過去曾有研究指出,慢性C型肝炎與B型肝炎相比,前者比較容易造成血管異常增生,但是慢性C型肝炎與B型肝炎所引發的HCC,其中血管異常增生現象的程度及相關機轉是否不同則並不清楚。因此我們首先試圖比較慢性C型肝炎與B型肝炎所引發的HCC病患,對於thalidomide治療的效果是否有差異。我們將在台大醫院與國家衛生院進行的三個有關thalidomide治療HCC的臨床試驗資料合併分析:在112位病患中,血液檢查B型肝炎抗原﹝HBsAg﹞為陽性而C型肝炎抗體﹝anti-HCV﹞為陰性者為B-HCC﹝共61位﹞,HBsAg為陰性而C型肝炎抗體﹝anti-HCV﹞為陽性者為C-HCC﹝共33位﹞。病患對於thalidomide的療效則根據下列定義:(1)根據WHO標準達到完全或是部份緩解;(2)對開始治療前a-FP升高的病患,如果a-FP下降超過50%且持續8星期以上。B-HCC與C-HCC的各項臨床指標除年齡外均無明顯差異。﹝C-HCC, 67.5 ± 7.6 歲; B-HCC, 53.6 ± 13.7 歲, p< 0.001﹞. 對thalidomide治療有8位 B-HCC 及9位 C-HCC 產生療效,整體反應率對於B-HCC為 13.1% (95% 信賴區間4.4 to 21.8%),對於C-HCC為 27.3% (95% 信賴區間11.2 to 43.3%) (p=0.09)。C-HCC病患與B-HCC病患相比,C-HCC病患之平均疾病惡化之時間﹝time to disease progression﹞﹝14.1 星期 vs. 8.3 星期, p=0.03﹞及平均存活時間﹝32.6 星期 vs. 21.4 星期, p=0.08﹞均似乎較佳。在多變數分析的結果中: 肝癌分期﹝CLIP 分數﹞、 病患performance status、以及病毒性肝炎種類﹝HBV或HCV﹞在預測整體存活率時均為獨立之影響變項﹝p<0.01﹞,而只有病毒性肝炎種類在預測疾病惡化之時間﹝time to disease progression﹞時為獨立之影響變項﹝p=0.027﹞。thalidomide對於C-HCC可能具有較好的療效,但這些可能的差異是否是由於抑制血管新生現象所造成則仍有待進一步研究。

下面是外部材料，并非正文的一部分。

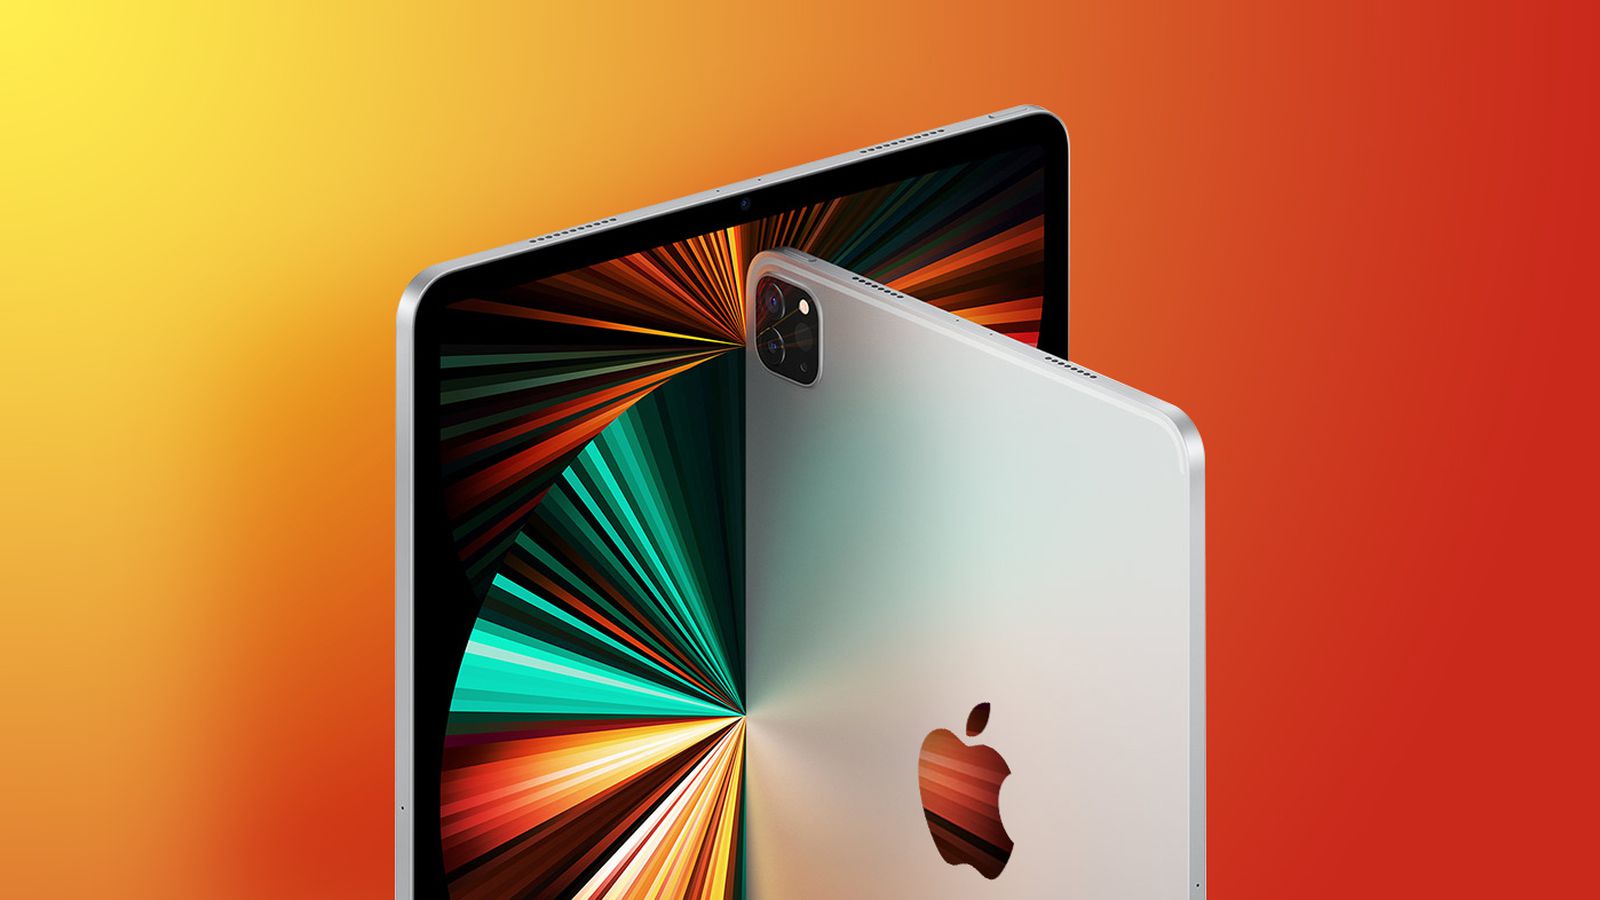 Gurman: New M2 iPad Pro Models to Be Announced ‘In a Matter of Days’ – MacRumors

我們接下來試圖探討慢性C型肝炎感染引發異常血管新生的可能機轉。C型肝炎病毒的基因轉錄後會合成一個單一的蛋白質。C型肝炎的核心蛋白﹝core protein﹞在此一蛋白質的氨基端,經由宿主細胞中的蛋白脢切下後,在宿主細胞 內會參與調控多種病毒以及宿主基因的表現,包括細胞凋亡﹝apoptosis﹞及細胞惡性轉化﹝transformation﹞。至於HCV core protein或是其他HCV病毒蛋白對於血管增生的可能調控機轉則仍不清楚。

我們使用雙槽的共同細胞培養系統﹝two-chamber co-culture system﹞來探討具有HCV core protein表現的癌細胞,對於血管內皮細胞或是巨噬細胞的影響。我們由黃麗華教授處得到一個bicistronic 轉錄病毒載體﹝retroviral vector﹞,可以將HCV core protein 在HeLa細胞內表現。血管內皮細胞是由自然生產或剖腹生產後得到的臍帶製備。將此一表現core protein的癌細胞與血管內皮細胞或是THP-1巨噬細胞株用two-chamber co-culture system共同培養,測量血管內皮細胞或巨噬細胞的細胞增生﹝proliferation assay﹞或是細胞移動﹝migration assay﹞的變化。血管內皮細胞或巨噬細胞種在此一系統的內槽﹝inner chamber﹞而HeLa細胞種在外槽﹝outer chamber﹞。兩槽之間有一polycarbonate membrane,上面有不同大小的孔﹝用於proliferation assay 的為0.4 mM,用於migration assay的為8 mM﹞,膜上舖一層0.1% gelatin作為basement membrane的代替物。
在血管內皮細胞的增生作用部分,可以看出在與帶有C型肝炎核心蛋白的HeLa細胞﹝HeLa-C190﹞共同培養時,血管內皮細胞的增生作用有顯著增加;與僅帶有vector的HeLa細胞﹝HeLa-S2﹞共同培養時則此效應不明顯。在巨噬細胞部分,同樣可以看出在與HeLa-C190細胞共同培養時,巨噬細胞的增生作用均有顯著增加;與HeLa-S2細胞共同培養時則此效應不明顯。而在血管內皮細胞的移行作用部分,雖然與HeLa-C190共同培養時,血管內皮細胞的移行作用也有增加的趨勢,但與HeLa-S2共同培養者相比時則此效應之差異並不明顯。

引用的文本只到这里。